--- Task description ---
The data is to be repeated exactly, with the images removed.

--- Data block ---
+-------+

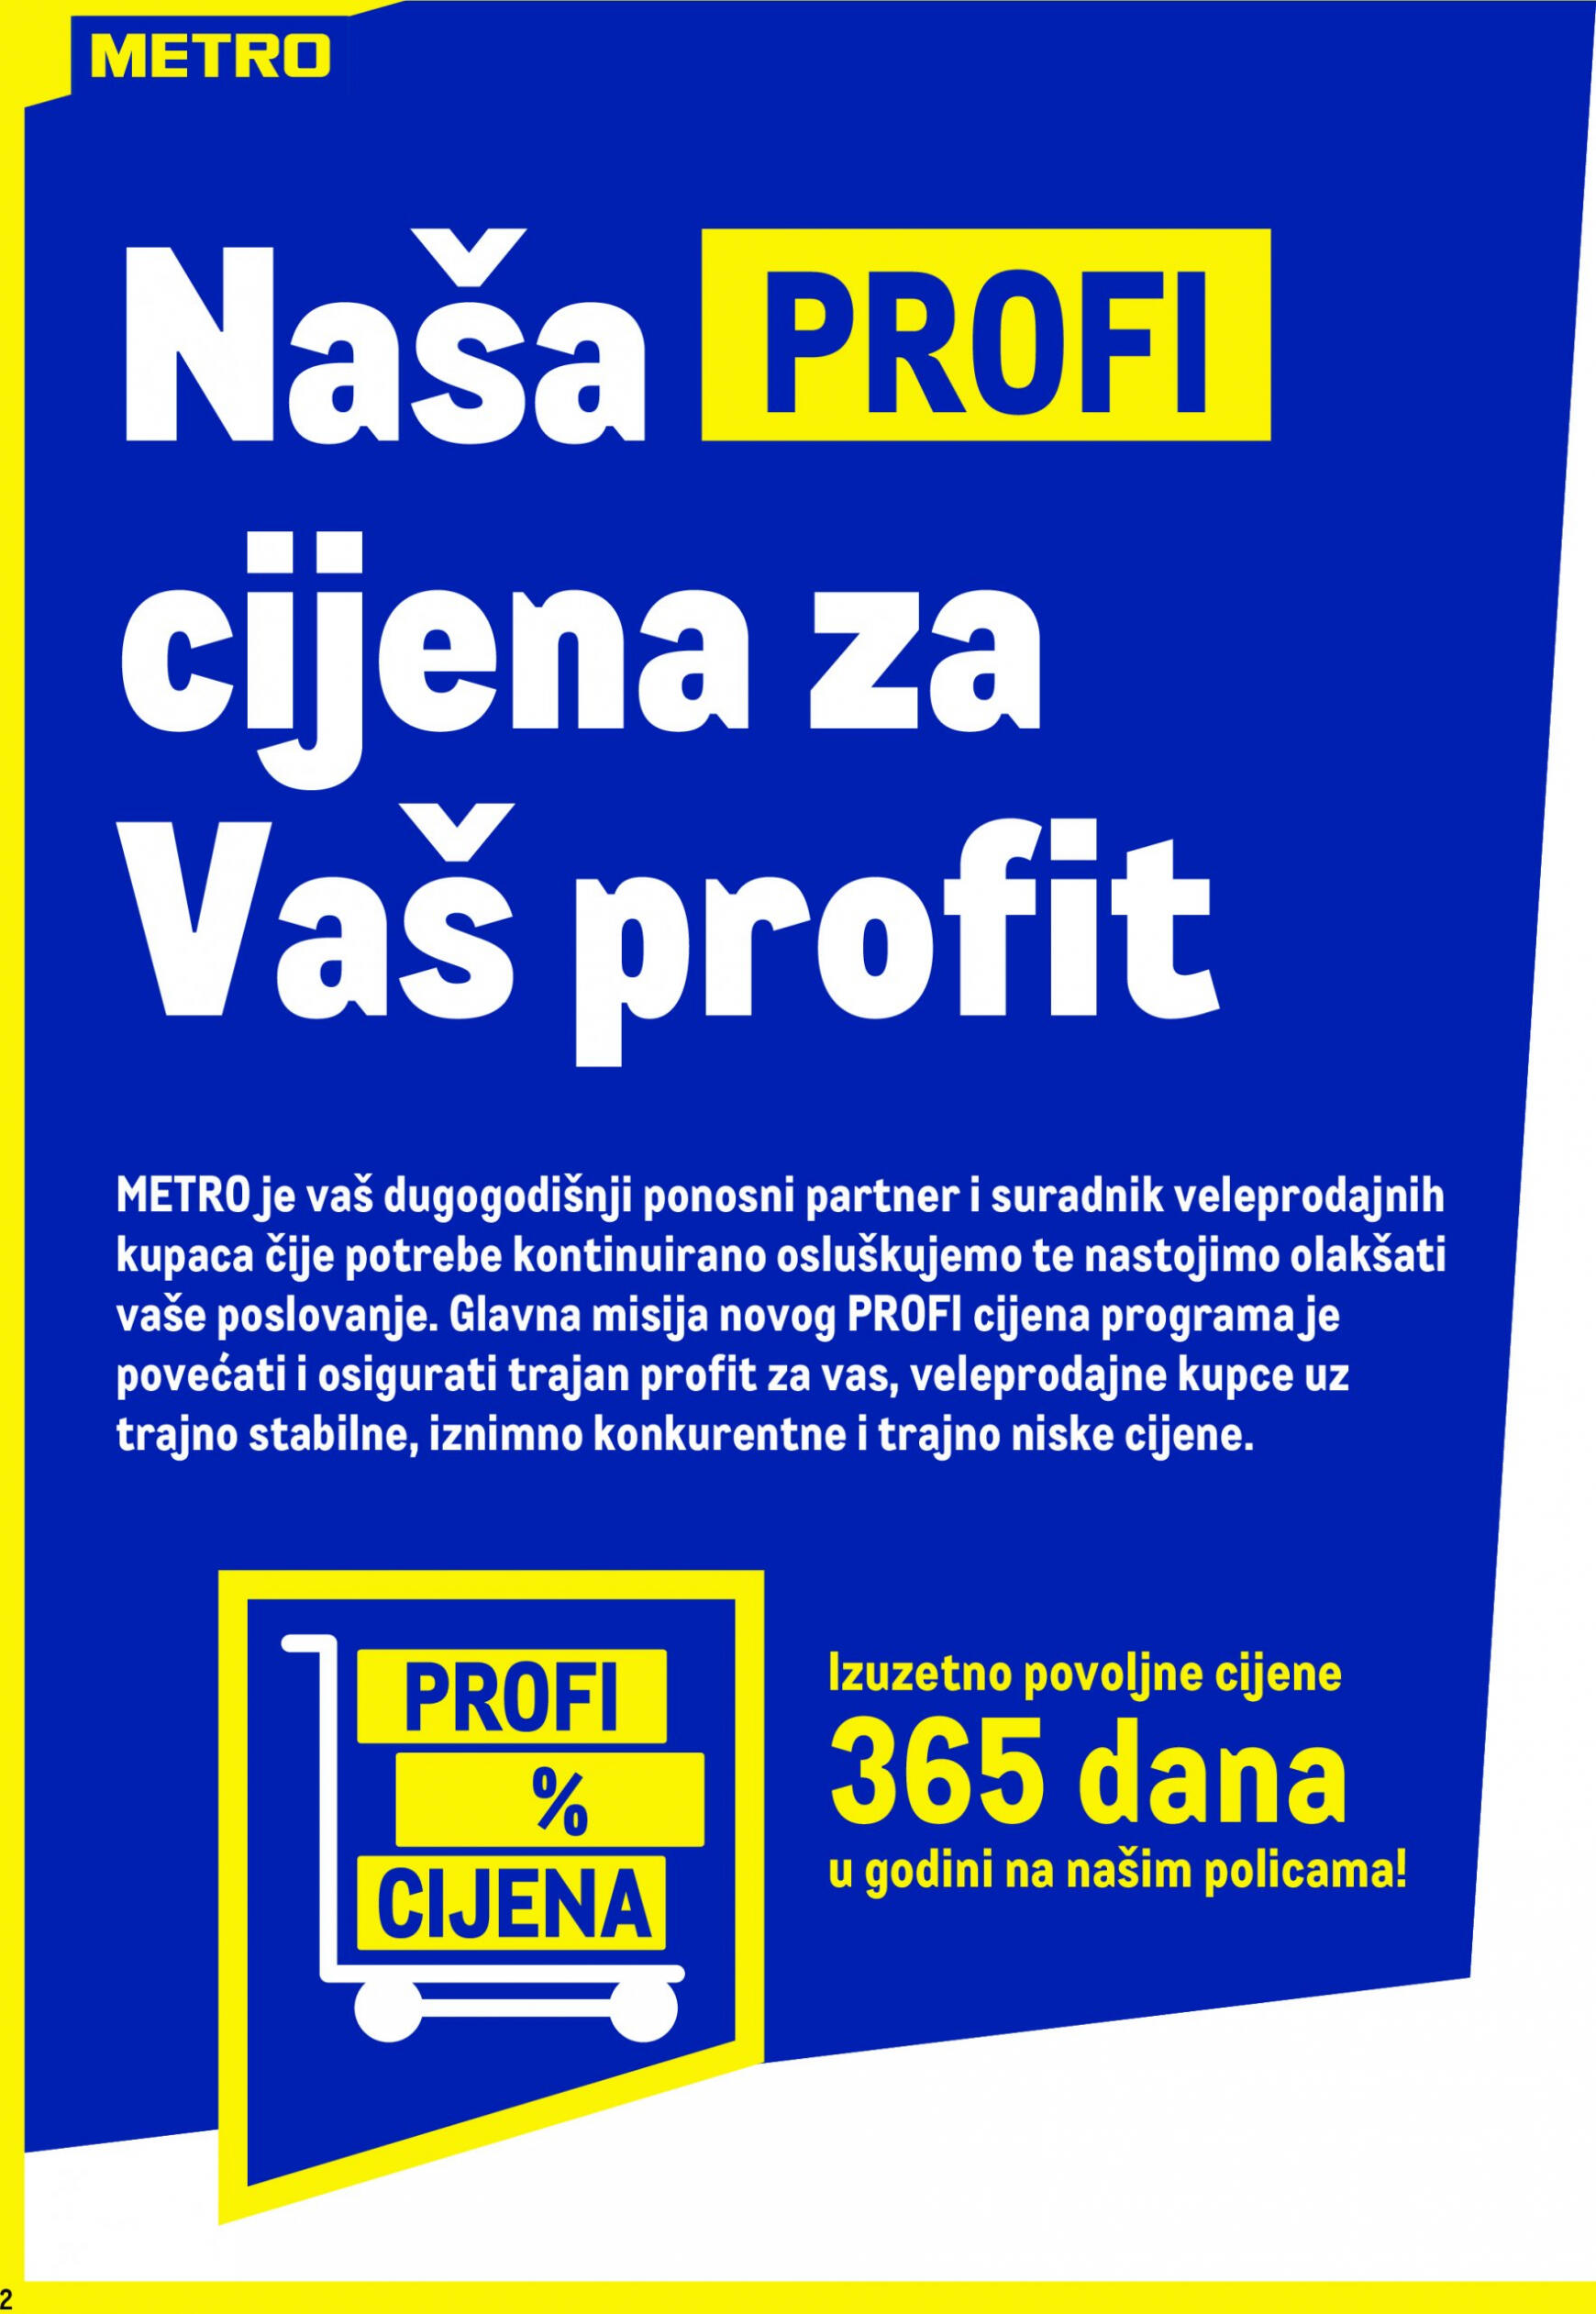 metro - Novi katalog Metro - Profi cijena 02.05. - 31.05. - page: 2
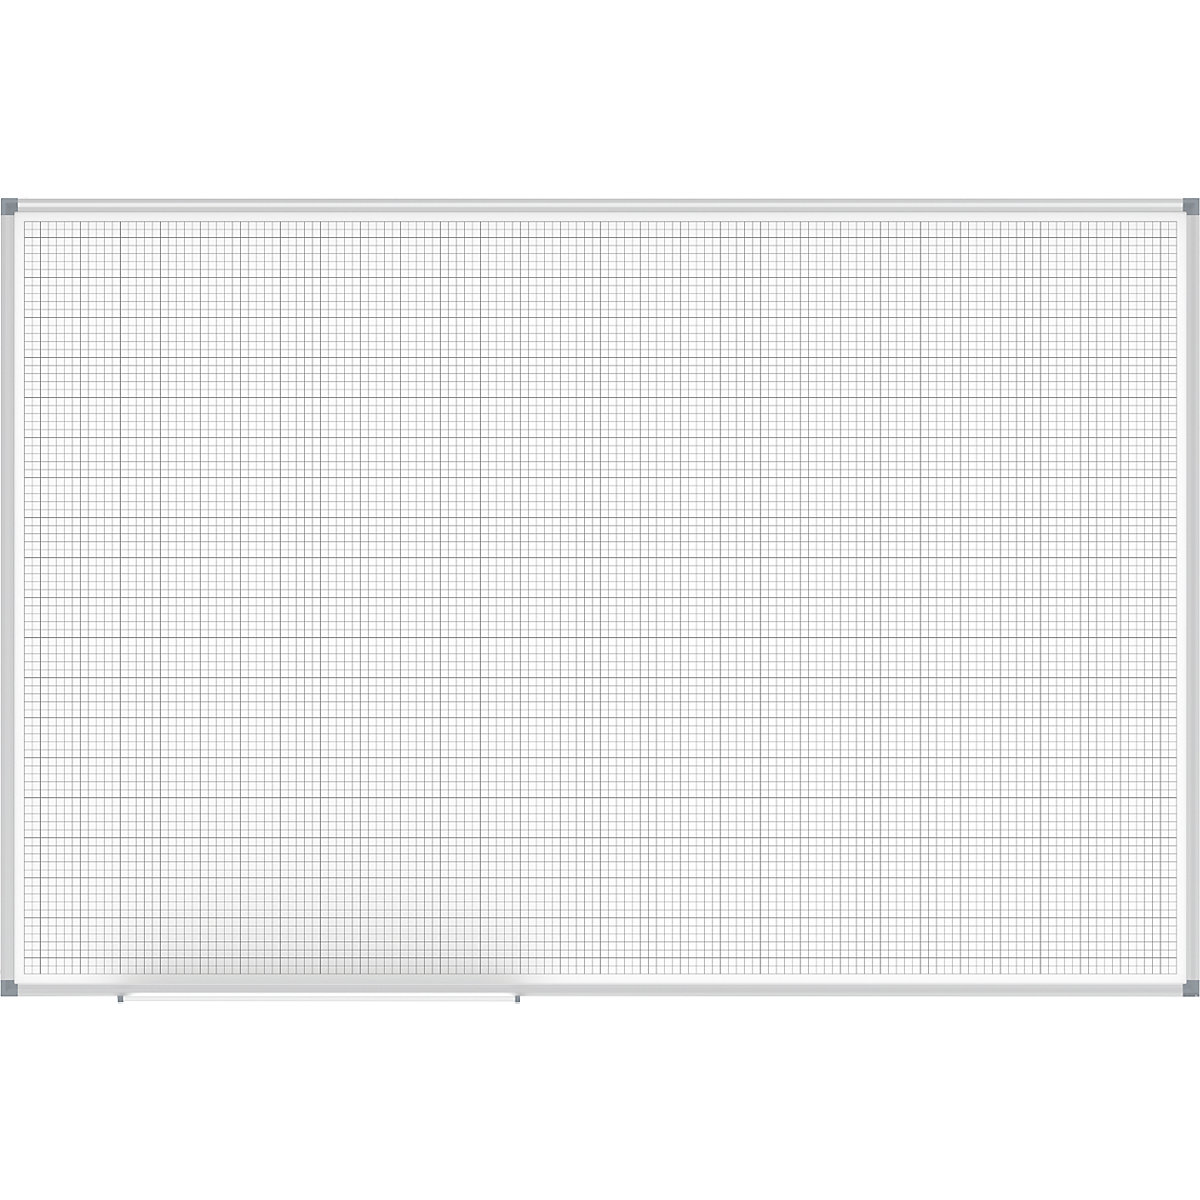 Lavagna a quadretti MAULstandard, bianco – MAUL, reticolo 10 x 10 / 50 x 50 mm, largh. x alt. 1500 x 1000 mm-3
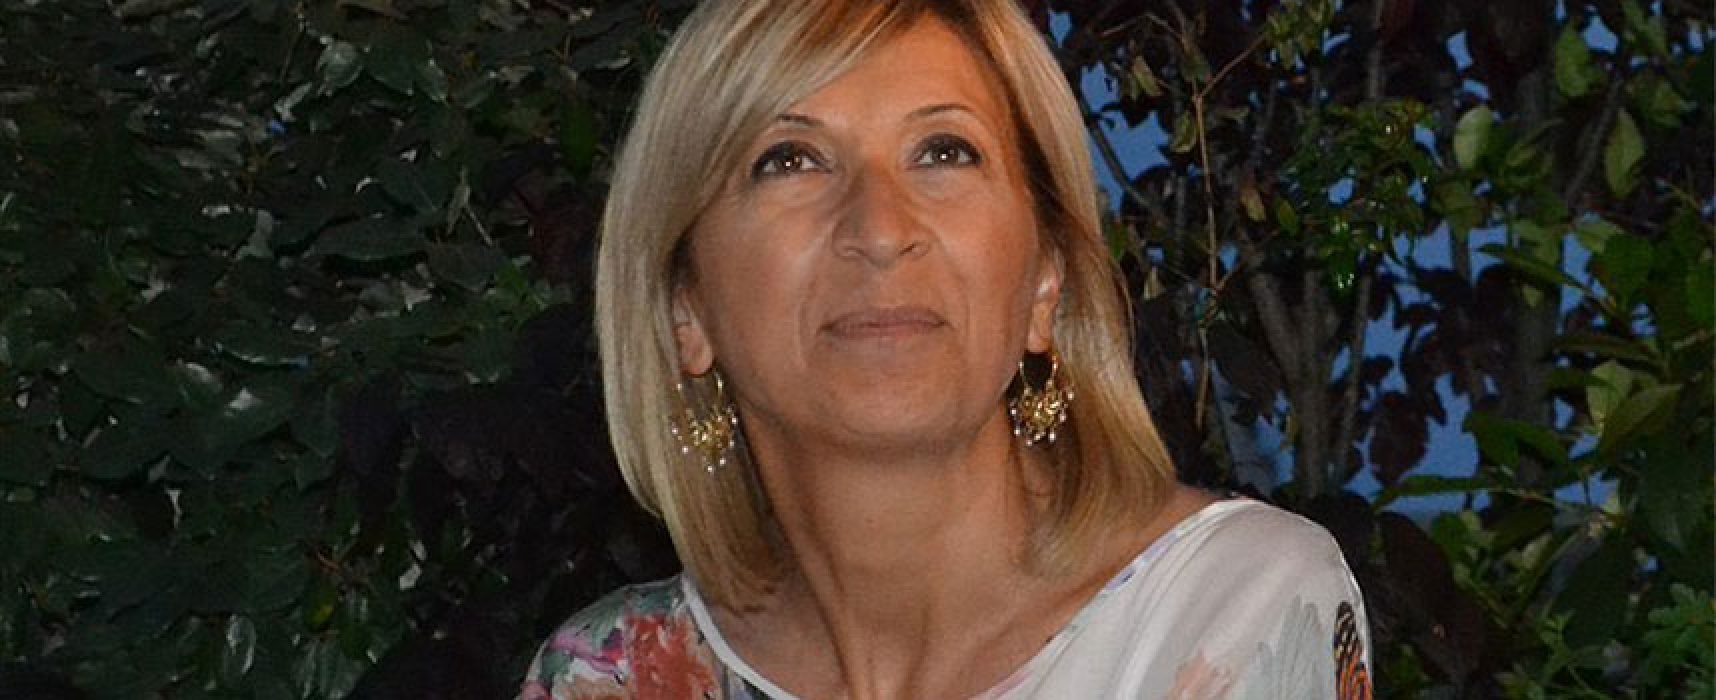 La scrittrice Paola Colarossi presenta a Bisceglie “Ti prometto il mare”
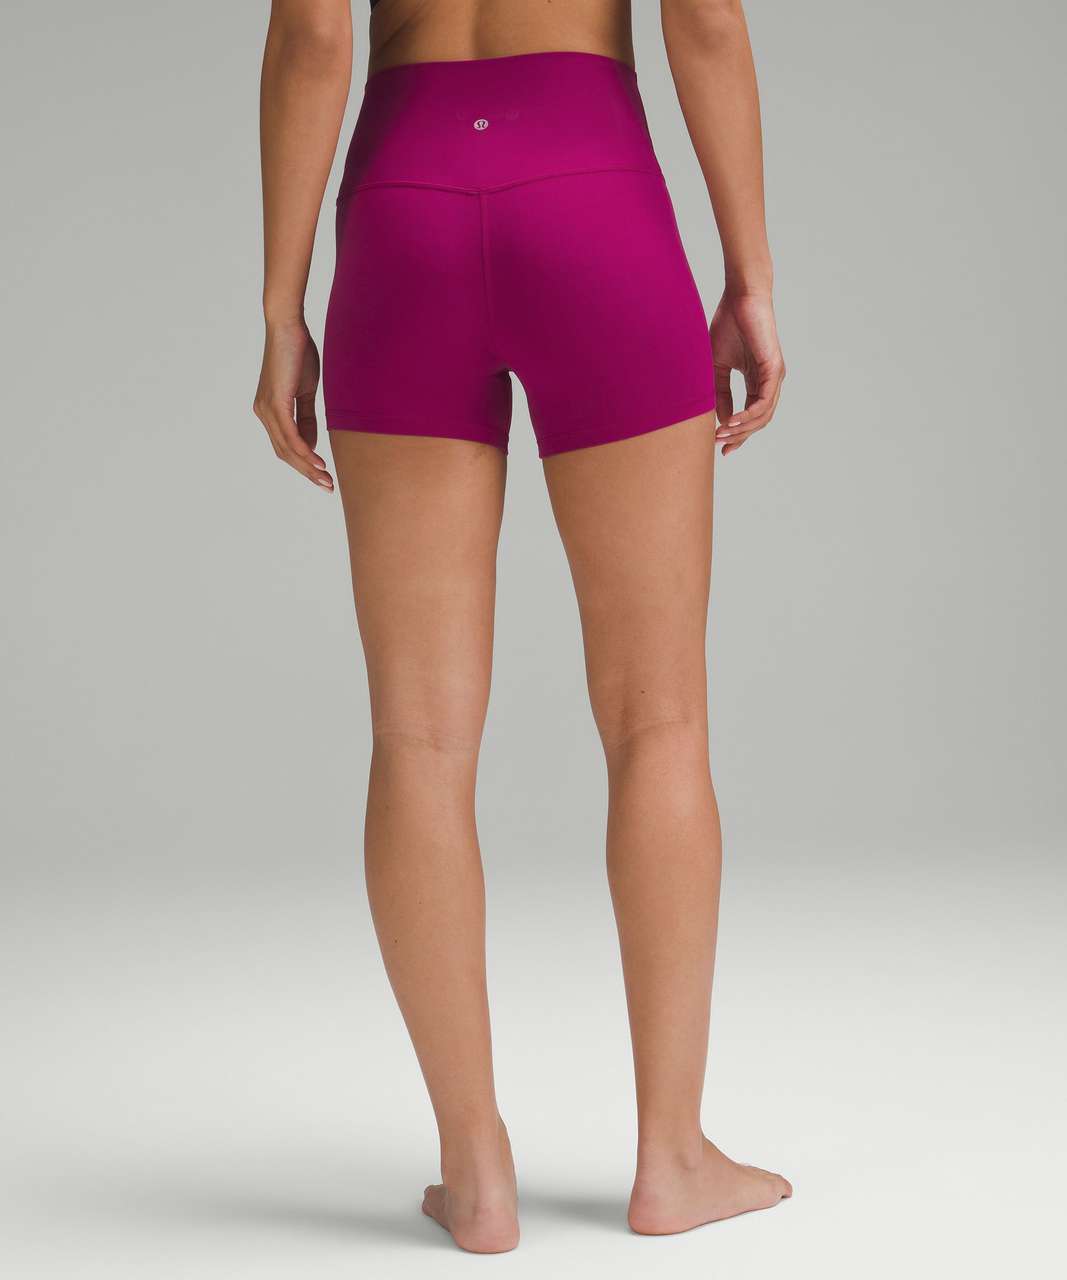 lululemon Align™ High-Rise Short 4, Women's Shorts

+-------+

--- Answer space ---
 metro - Novi katalog Metro - Profi cijena 02.05. - 31.05. - page: 2
 Lavagna a quadretti MAULstandard, bianco – MAUL, reticolo 10 x 10 / 50 x 50 mm, largh. x alt. 1500 x 1000 mm-3
 La scrittrice Paola Colarossi presenta a Bisceglie “Ti prometto il mare”
 lululemon Align™ High-Rise Short 4, Women's Shorts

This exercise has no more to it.